Sarò sincero, come sempre: questo libro nasce da esigenze di mercato. Le case editrici spingono per avere una nuova pubblicazione ogni due anni e il mio ultimo romanzo era datato 2020. Dovevo uscire con qualcosa e anche in fretta. Mi sono guardato attorno e, avendo poco tempo a disposizione, ho raccolto le ultime cose che avevo scritto, cercando di dargli forma e logica. Mi pare di esserci riuscito. Quando guardo “Le cronache”, però, quando ne parlo alla gente durante le presentazioni, mi pare di scorgerci una luce diversa. Un significato diverso. Gli argomenti di cui tratta, la sincerità con la quale si racconta, lo rendono speciale. Sono sicuro che la sua importanza la capirò solo più avanti, magari quando tornerò a rileggerlo.
A rileggerlo intanto ci ho pensato io e mi sono ancorata ad un pensiero.
Sappiamo descrivere bene i nostri momenti di dolore, le ferite, persino le nostre paure. Ma siamo altrettanto bravi a raccontare la felicità. E soprattutto, quando ci capita, ce ne rendiamo davvero conto?
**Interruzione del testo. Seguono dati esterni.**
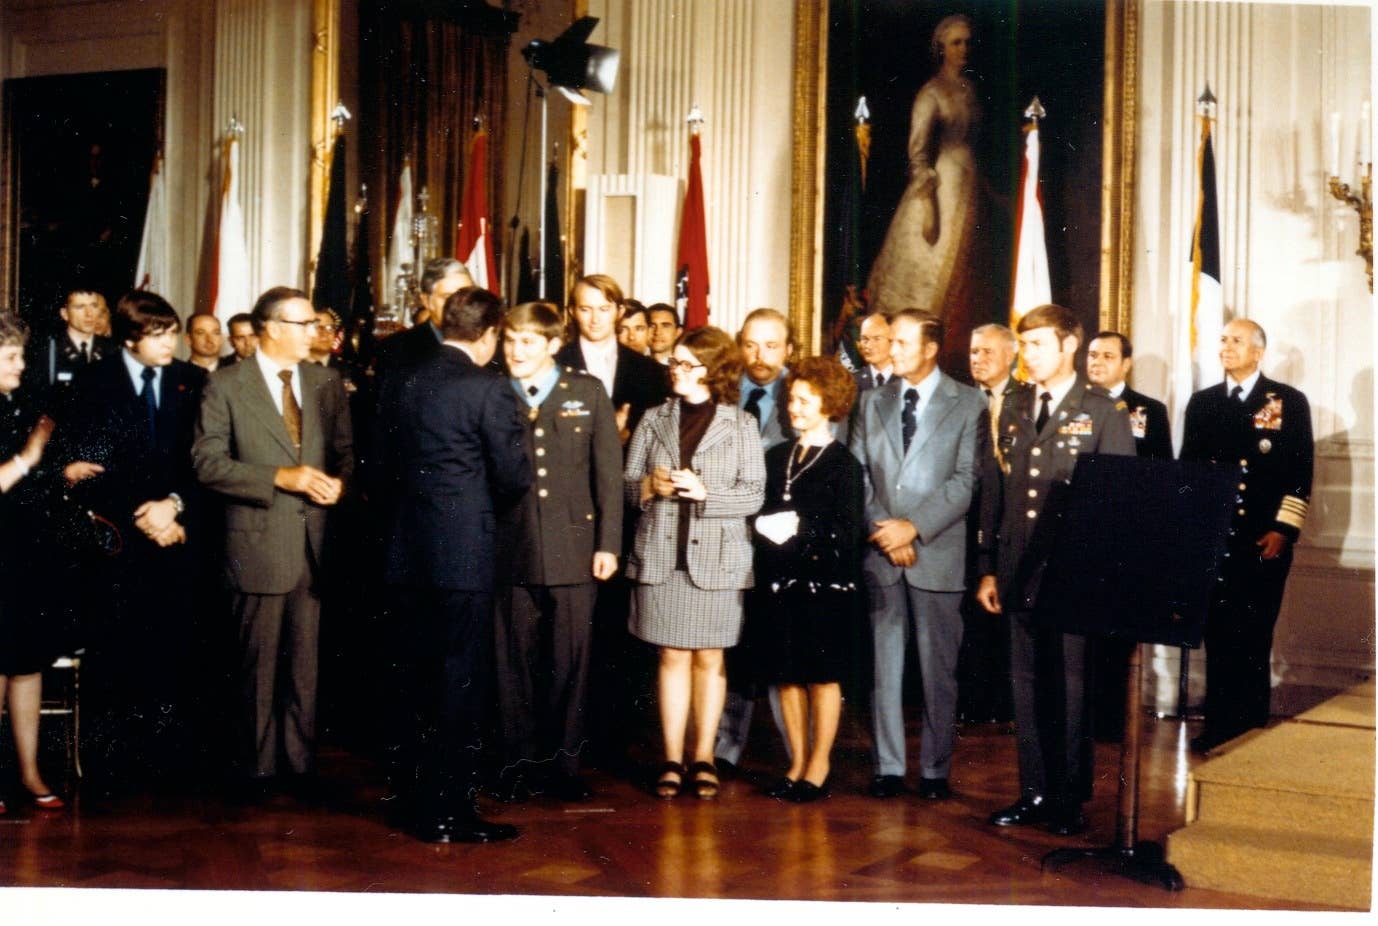 This is a photo of Fitzmaurice receiving the Medal of Honor from President Nixon, so you can probably imagine what's about to happen.

Purtroppo non possiedo questa capacità: io non riesco a farci caso quando sono felice. È un esercizio nel quale mi sto specializzando: cerco di accorgermi di quello che mi accade. In un suo libro, Michela Murgia spiega come ognuno di noi sia incastrato in un qualche anno della propria vita che vorrebbe rivivere in loop. Capita anche a me. E in alcuni momenti la nostalgia è talmente affilata da darmi dolore fisico.
Oltre all’Ansia, c’è il sentimento della paura. “La paura di essere banale, nella vita come nello scrivere, è quella che mi atterrisce di più” confessa Gabriele nel suo romanzo. Quella banalità che per la smania di piacere a tutti oggi è diventata la lingua più parlata nel mondo.
Ma la banalità non è certo di questo libro. A tratti lacerante, a tratti proiettato sul futuro con una lucidità, quella si’, da far paura.
Mi riesce spesso di anticipare i tempi e di arrivarci un pizzico prima sulle cose. Ho riletto cose che ho scritto, magari, dieci anni fa e che sono attualissime. Mi è capitato un sacco di volte, specialmente nella musica. Anche questa capacità, però, ha il suo lato negativo: la solitudine. Non so per quale motivo ma arrivati a un determinato punto della conoscenza, le persone mi abbandonano. Mi lasciano andare, mi perdono. E non mi cercano più. Il pensiero laterale, la coerenza, la complessità hanno una sola conseguenza: la solitudine.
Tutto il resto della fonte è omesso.